Handling Vivekananda in an 83% Hindu nation is a delicate business. Hindus are possessive about their icons, God or Godmen, in film or in book. They can get pushy with directors. Even before the film was done Iyer was being told where it went wrong. For example, the Bengali community told him not to leave out Sharada Ma, Ramakrishna's wife. "I had given a small role for Sharada, but on the insistence of the Bengalis, her role was extended," revealed Iyer. Now if Iyer takes the comments on the preview in a similarly responsive mood and makes necessary corrections, "Swami Vivekananda" could be a turkey turned eagle. We'll see.

Choodie Shivaram, a free-lance journalist, holds a BA and law degree and lives in Bangalore with her husband and two children.

Sidebar: Until I Die . . .

Interview with Filmmaker G.V.Iyer

Flowing white beard, hair knotted, deep-set eyes, thick eyebrows, barefoot (he never wears shoes--a Gandhian vow) clad in a white banian and dhoti--he looks much more a nameless ascetic than doyen of India's religious cinema.

Ganapathy Venkataramana Iyer was born to a well-to-do--later poverty-struck--orthodox brahmin family near Mysore. As a boy, he preferred filching coconuts, swimming and monkeying around to schoolwork. Determined to reform the truant lad, his parents stopped his schooling and had an upanayanaceremony (acceptance as a member of the "twice-born" elite) performed and started him learning Sanskrit and Vedic rituals. He however shortly ran away with a traveling company of actors, roughing through a difficult life on the road until finally gaining some success as an actor. His big break came when, with two actor friends, he made a Kannada film which became a big hit. With newly-won director status, more films followed--some soulful, some not, some successful, others not.

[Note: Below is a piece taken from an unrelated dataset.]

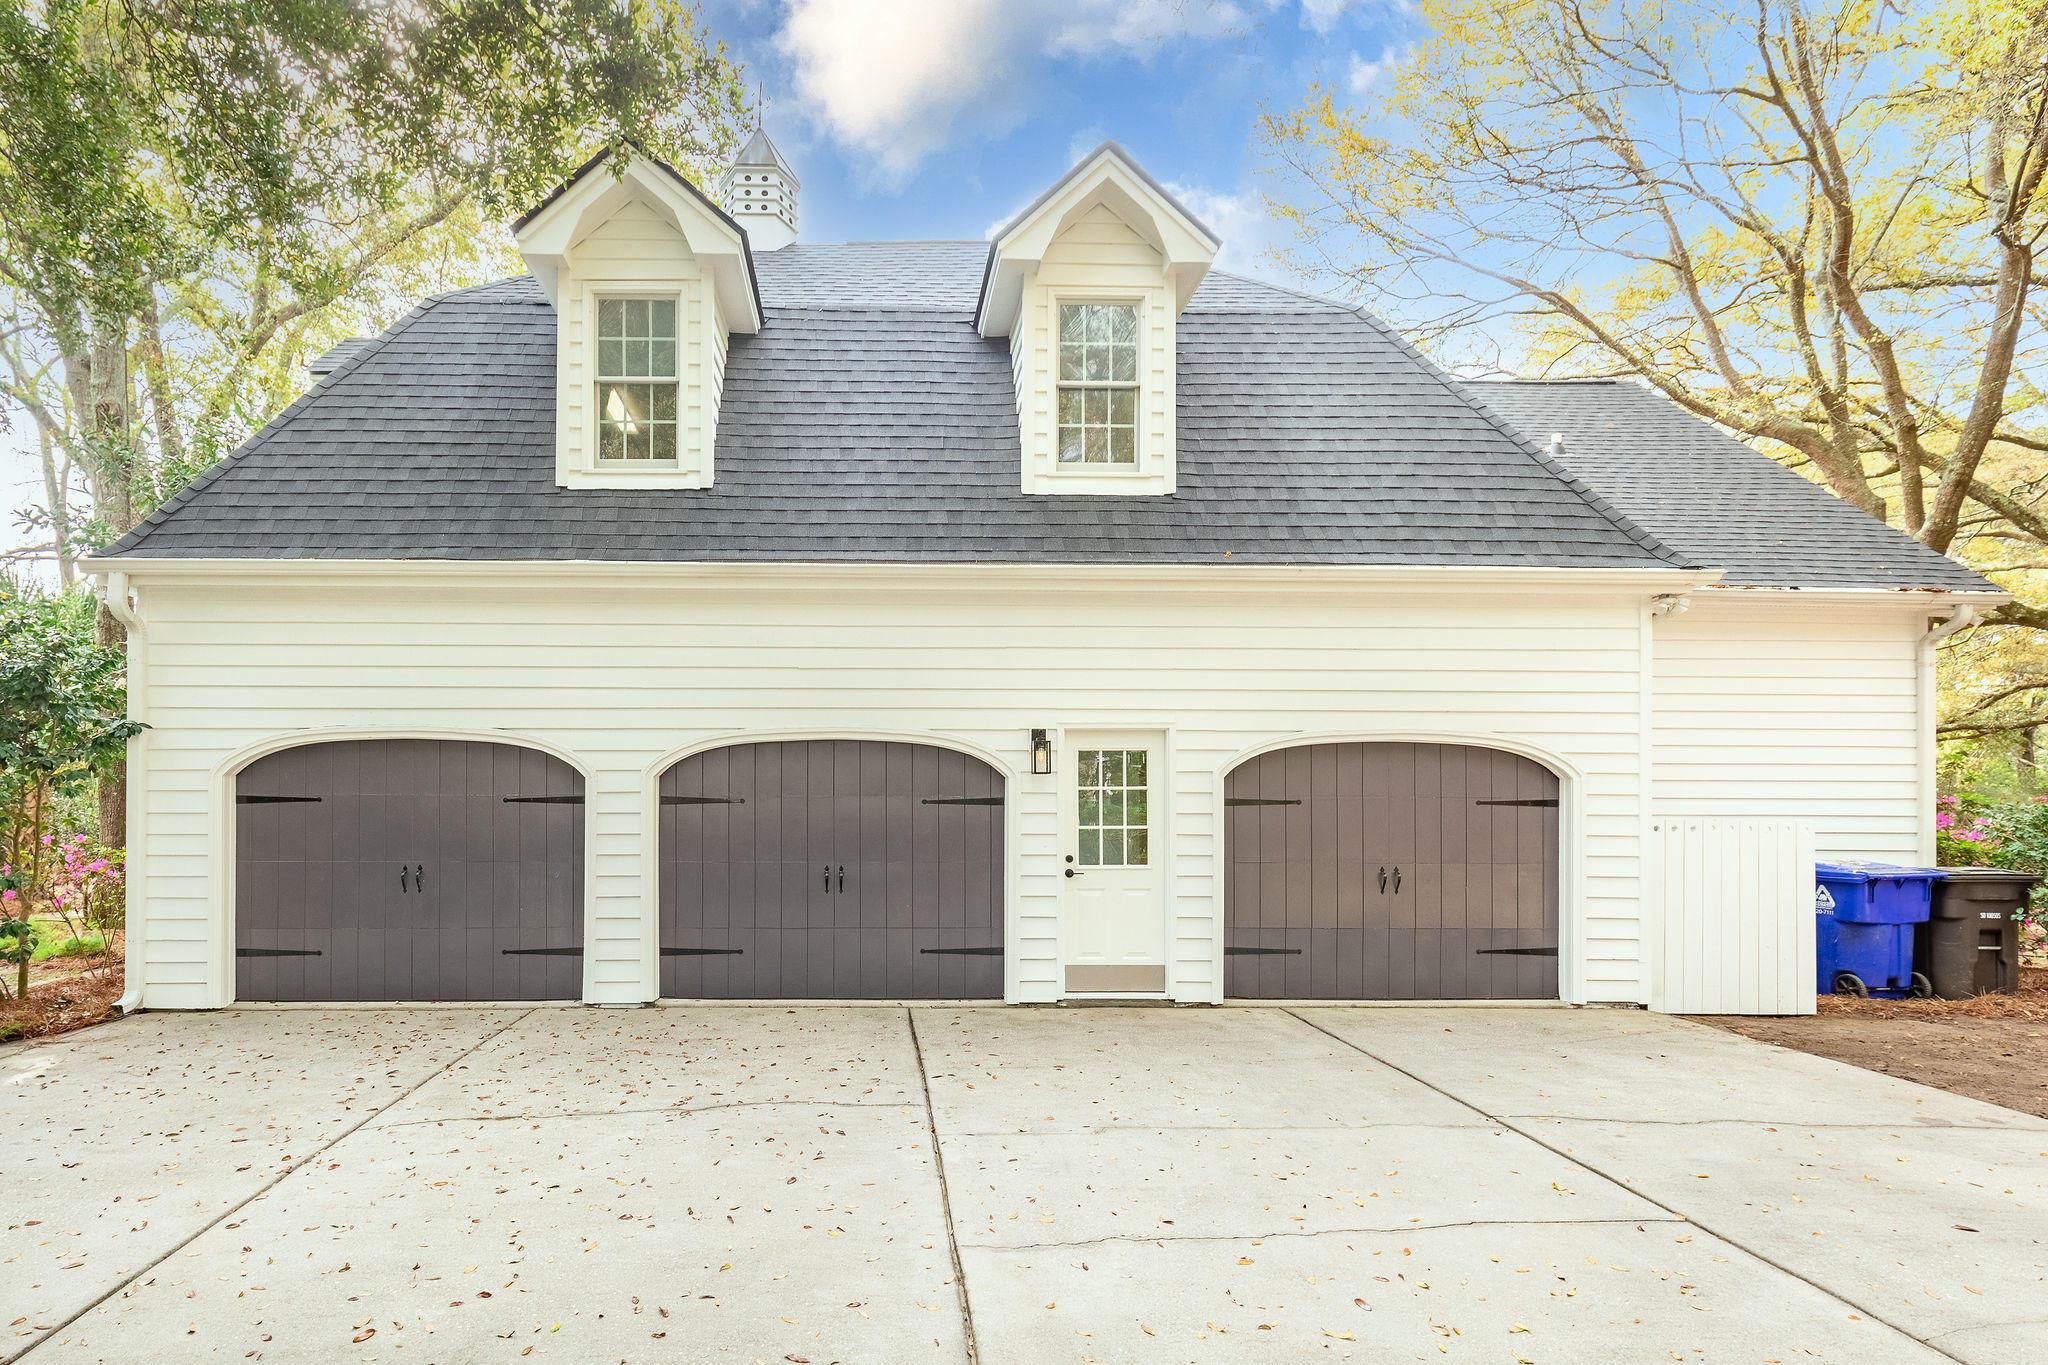 Old Mt Pleasant Homes For Sale - 1417 Edwards, Mount Pleasant, SC - 53

After one devastating failure, he swore off films for life and went into hiding only to blitzkrieg back with the award-winning "Adi Shankara," filmed totally in Sanskrit. Many had hoped "Vivekananda" would be of equal quality.

In his sixties, he took a second wife and had a daughter Kalpana and a son Raghavendra. She is his costume designer. The son is both an actor and production manager.

Hinduism Today:You seem possessed with making movies with philosophical themes.

G.V. Iyer:Unless you are totally immersed in what you are doing, how can you achieve anything? And, philosophy is not unrelated to life! The opposite. It is life, the way you live your life.

HT:Many of your films are unwatched by the masses. Why is that?

GVI:My films are for the elite, for people who are thinkers. I don't make films to educate or inform the layman. It does not matter to me if no one sees my films.

HT:You love to humanize religious figures in your movies.

GVI:I simply cut out blind beliefs. For example, I've never shown Shankara performing pujas.

HT:At 83, your energy shames chaps half your age. Any secret?

GVI:What would I do if I retire? I can't sit quiet. The urge to create is always pushing me. There's some Energy within me guiding my actions. I bow to that Energy. It's omnipotent, omniscient and omnipresent. That Energy dictates everything that I do.

HT:Does all the rape and violence in films today upset you?

GVI:In what generation did people not say degeneration had set in? You say Ashoka was great. But the man massacred hundreds of people! And just because some nude posters of women get put up, does it mean that all our men are bad? These are notions of people eager to make an issue. When watching vulgarity in films becomes intolerable, then good, clean films set the trend.